• EXERCISE PROMPT
Retype the listing exactly, minus its pictures.

[GIVEN INFORMATION Boundary: Start]

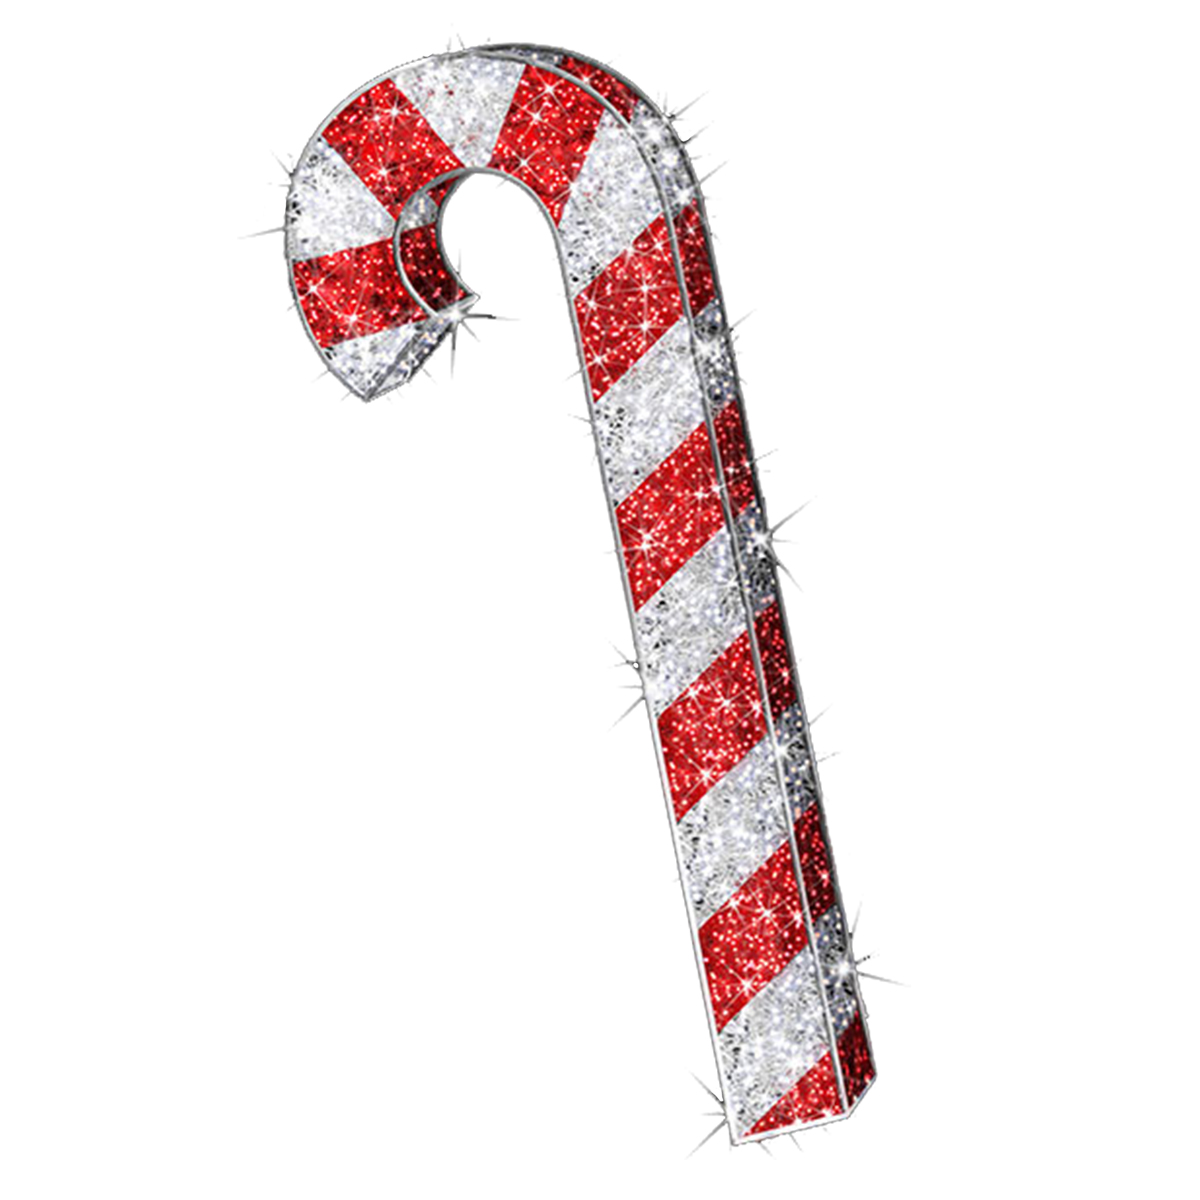 3D Candy Cane - Christmas Display - Life-Size - 7.2ft tall
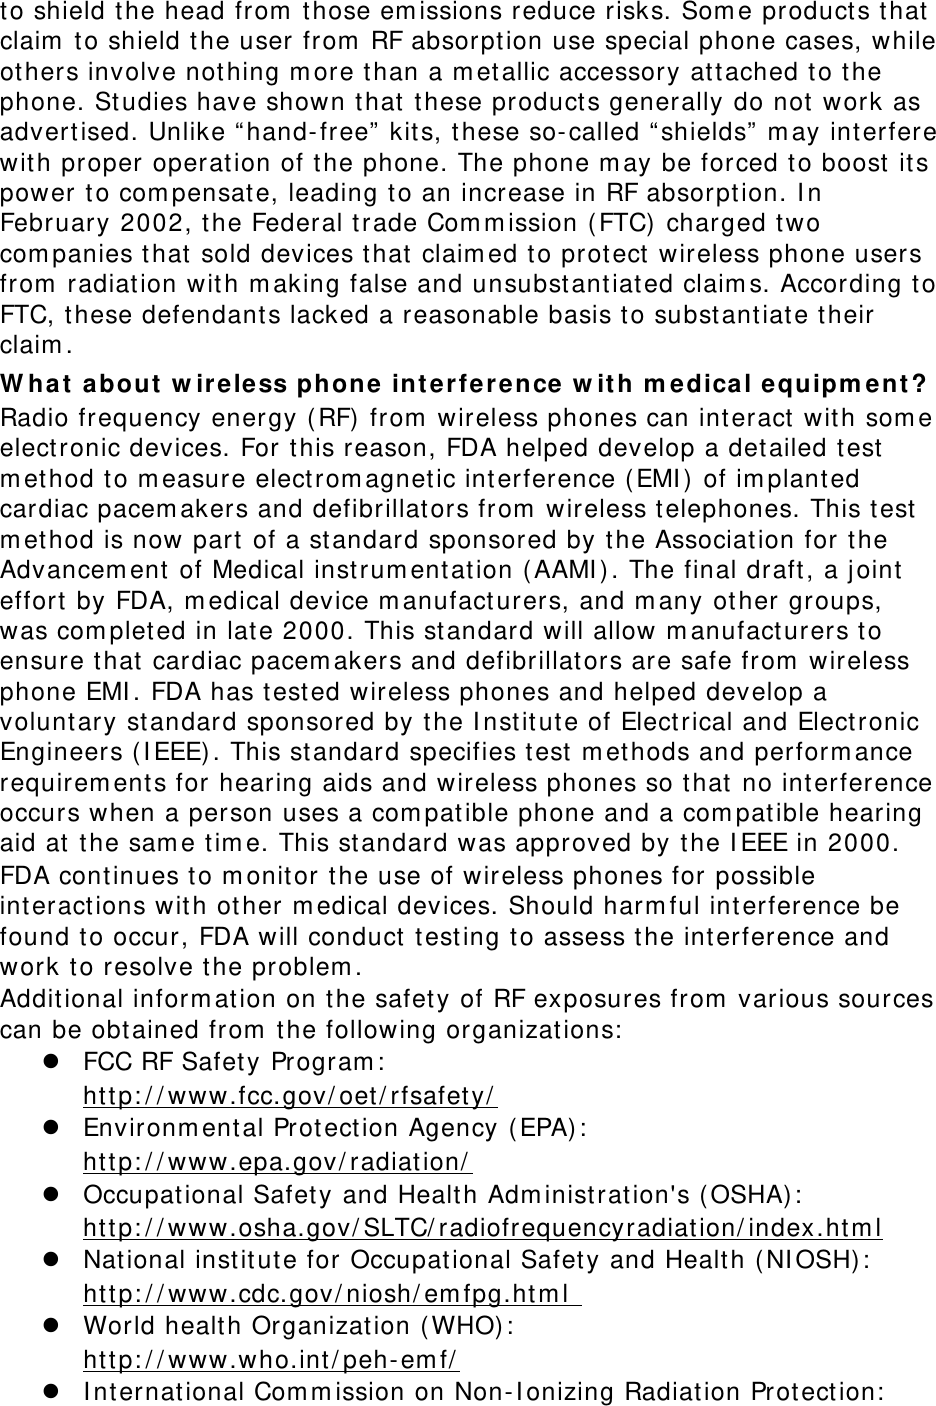 to shield t he head from  those em issions reduce risks. Som e products t hat claim  to shield t he user from  RF absorpt ion use special phone cases, while others involve not hing m ore t han a m etallic accessory att ached to t he phone. St udies have shown t hat t hese product s generally do not work as adver t ised. Unlike “ hand-free”  kits, t hese so-called “ shields”  m ay interfere with proper operation of t he phone. The phone m ay be forced t o boost  its power to com pensat e, leading to an increase in RF absorpt ion. I n February 2002, the Federal trade Com m ission ( FTC) charged two com panies t hat sold devices that claim ed t o protect  wireless phone users from  radiat ion wit h m aking false and unsubst ant iated claim s. According to FTC, these defendant s lacked a reasonable basis to subst ant iate t heir claim . W ha t  a bout  w ireless phon e  in t erfe rence w it h m edical e quipm ent ? Radio fr equency energy ( RF)  from  wireless phones can int eract  with som e elect ronic devices. For t his reason, FDA helped develop a detailed test  m ethod to m easure electrom agnetic int erference (EMI )  of im plant ed cardiac pacem akers and defibrillators from  wireless t elephones. This test  m ethod is now part  of a st andard sponsored by t he Association for the Advancem ent  of Medical instrum ent at ion ( AAMI ) . The final dr aft , a j oint  effort  by FDA, m edical device m anufact urers, and m any  other groups, was com pleted in late 2000. This st andard will allow m anufact urers to ensure t hat cardiac pacem akers and defibrillators are safe from  wireless phone EMI . FDA has t est ed wireless phones and helped develop a voluntary st andard sponsored by t he I nst it ut e of Elect rical and Electr onic Engineers (I EEE) . This st andard specifies t est  m ethods and perform ance requirem ent s for hearing aids and wireless phones so that  no int erference occurs when a person uses a com patible phone and a com patible hearing aid at t he sam e t im e. This standard was approved by the I EEE in 2000. FDA cont inues to m onitor t he use of wireless phones for possible int eractions wit h ot her m edical devices. Should harm ful int erference be found to occur, FDA will conduct  test ing t o assess the int erference and work t o resolve the problem . Additional inform ation on the safety of RF exposures from  various sources can be obt ained from  t he following organizations:   FCC RF Safety Program :    Environm ental Prot ect ion Agency  (EPA) :  ht tp: / / www.fcc.gov/ oet/ rfsafety/    Occupational Safety and Health Adm inist ration&apos;s ( OSHA):    ht tp: / / www.epa.gov/ radiation/        National instit ut e for Occupational Safet y and Health ( NI OSH):  ht tp: / / www.osha.gov/ SLTC/ radiofrequencyradiat ion/ index.htm l   World health Organizat ion (WHO) :  ht tp: / / www.cdc.gov/ niosh/ em fpg.ht m l     I nt ernational Com m ission on Non-I onizing Radiation Protect ion:  ht tp: / / www.who.int / peh-em f/  
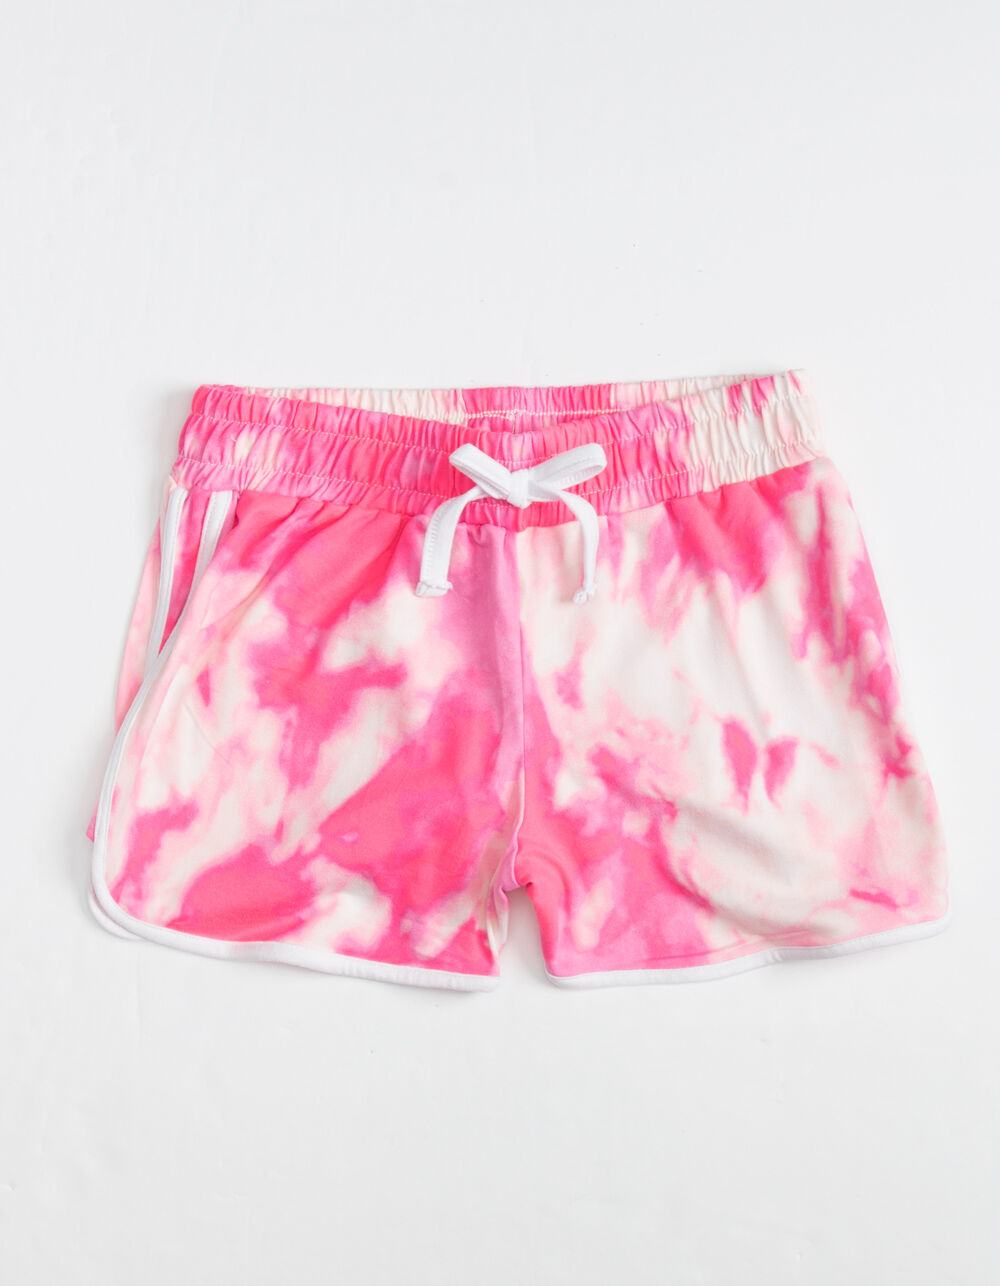 FULL CIRCLE TRENDS Tie Dye Contrast Piping Girls Shorts - PINK COMBO ...
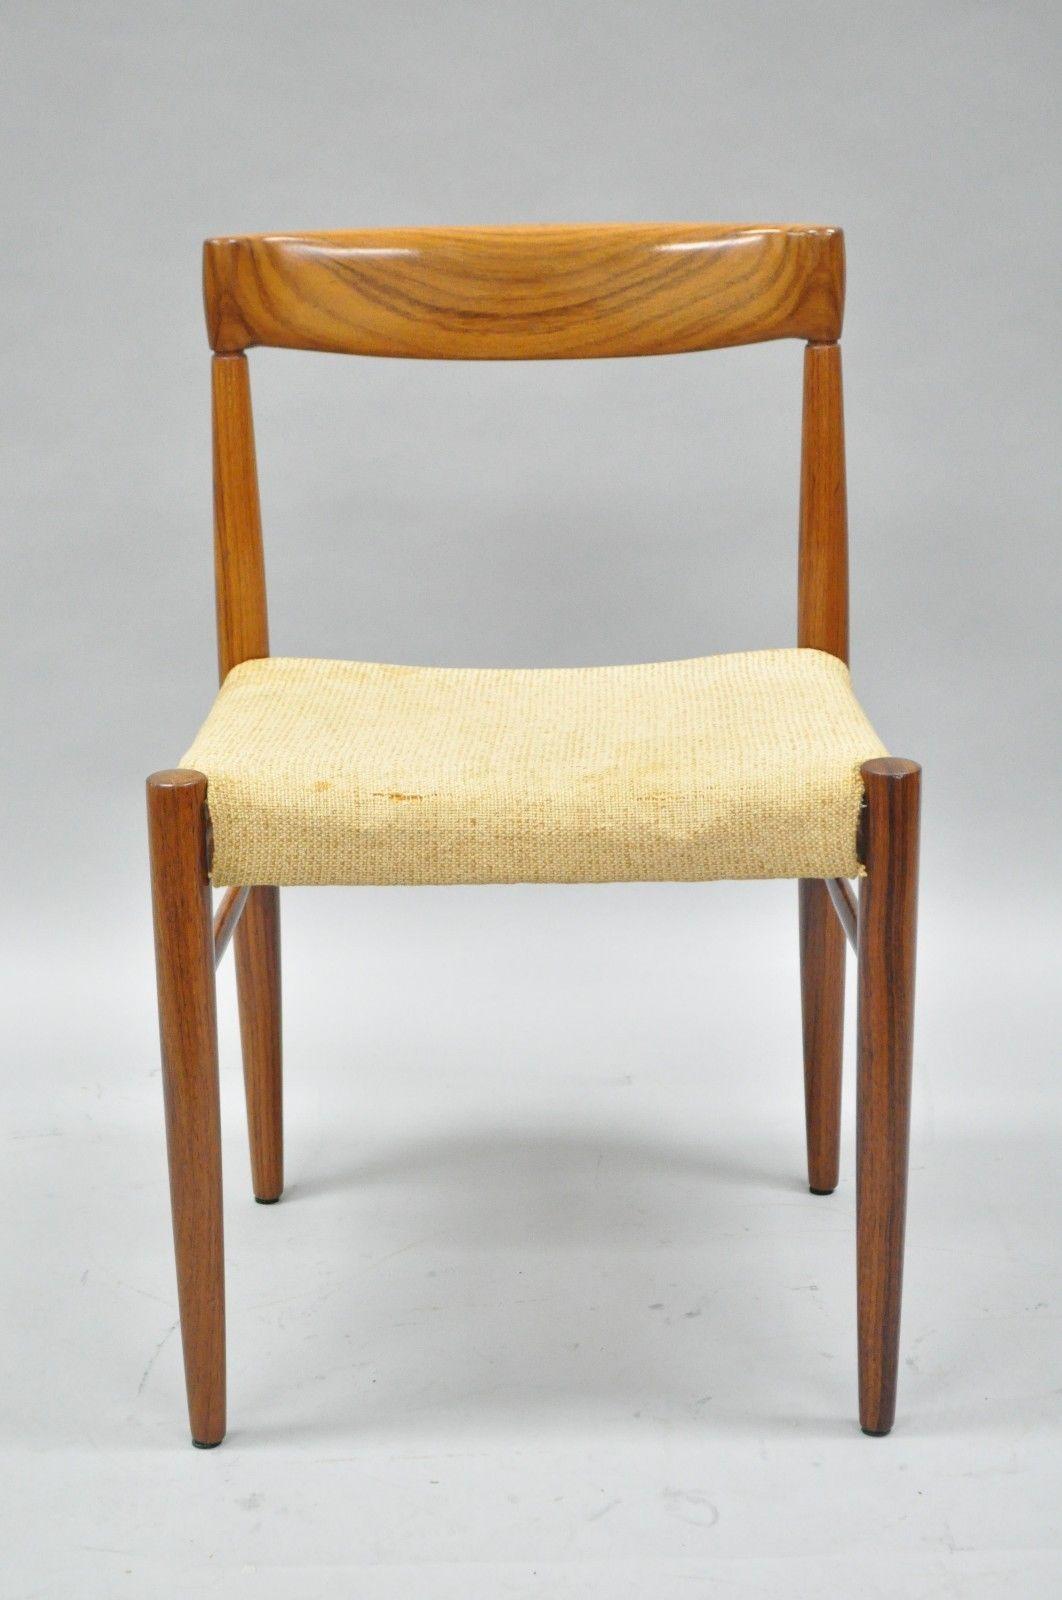 Vintage HW Klein for Bramin midcentury Danish Modern solid rosewood side chair. Item features sculptural lipped back, clean modernist design, solid rosewood construction, beautiful wood grain, stamped ?12730, European, circa mid-20th century.

[GIVEN INFORMATION Boundary: End]

• WRITTEN SOLUTION
 3D Candy Cane - Christmas Display - Life-Size - 7.2ft tall
 to shield t he head from  those em issions reduce risks. Som e products t hat claim  to shield t he user from  RF absorpt ion use special phone cases, while others involve not hing m ore t han a m etallic accessory att ached to t he phone. St udies have shown t hat t hese product s generally do not work as adver t ised. Unlike “ hand-free”  kits, t hese so-called “ shields”  m ay interfere with proper operation of t he phone. The phone m ay be forced t o boost  its power to com pensat e, leading to an increase in RF absorpt ion. I n February 2002, the Federal trade Com m ission ( FTC) charged two com panies t hat sold devices that claim ed t o protect  wireless phone users from  radiat ion wit h m aking false and unsubst ant iated claim s. According to FTC, these defendant s lacked a reasonable basis to subst ant iate t heir claim . W ha t  a bout  w ireless phon e  in t erfe rence w it h m edical e quipm ent ? Radio fr equency energy ( RF)  from  wireless phones can int eract  with som e elect ronic devices. For t his reason, FDA helped develop a detailed test  m ethod to m easure electrom agnetic int erference (EMI )  of im plant ed cardiac pacem akers and defibrillators from  wireless t elephones. This test  m ethod is now part  of a st andard sponsored by t he Association for the Advancem ent  of Medical instrum ent at ion ( AAMI ) . The final dr aft , a j oint  effort  by FDA, m edical device m anufact urers, and m any  other groups, was com pleted in late 2000. This st andard will allow m anufact urers to ensure t hat cardiac pacem akers and defibrillators are safe from  wireless phone EMI . FDA has t est ed wireless phones and helped develop a voluntary st andard sponsored by t he I nst it ut e of Elect rical and Electr onic Engineers (I EEE) . This st andard specifies t est  m ethods and perform ance requirem ent s for hearing aids and wireless phones so that  no int erference occurs when a person uses a com patible phone and a com patible hearing aid at t he sam e t im e. This standard was approved by the I EEE in 2000. FDA cont inues to m onitor t he use of wireless phones for possible int eractions wit h ot her m edical devices. Should harm ful int erference be found to occur, FDA will conduct  test ing t o assess the int erference and work t o resolve the problem . Additional inform ation on the safety of RF exposures from  various sources can be obt ained from  t he following organizations:   FCC RF Safety Program :    Environm ental Prot ect ion Agency  (EPA) :  ht tp: / / www.fcc.gov/ oet/ rfsafety/    Occupational Safety and Health Adm inist ration&apos;s ( OSHA):    ht tp: / / www.epa.gov/ radiation/        National instit ut e for Occupational Safet y and Health ( NI OSH):  ht tp: / / www.osha.gov/ SLTC/ radiofrequencyradiat ion/ index.htm l   World health Organizat ion (WHO) :  ht tp: / / www.cdc.gov/ niosh/ em fpg.ht m l     I nt ernational Com m ission on Non-I onizing Radiation Protect ion:  ht tp: / / www.who.int / peh-em f/  
 FULL CIRCLE TRENDS Tie Dye Contrast Piping Girls Shorts - PINK COMBO ...
 Vintage HW Klein for Bramin midcentury Danish Modern solid rosewood side chair. Item features sculptural lipped back, clean modernist design, solid rosewood construction, beautiful wood grain, stamped ?12730, European, circa mid-20th century.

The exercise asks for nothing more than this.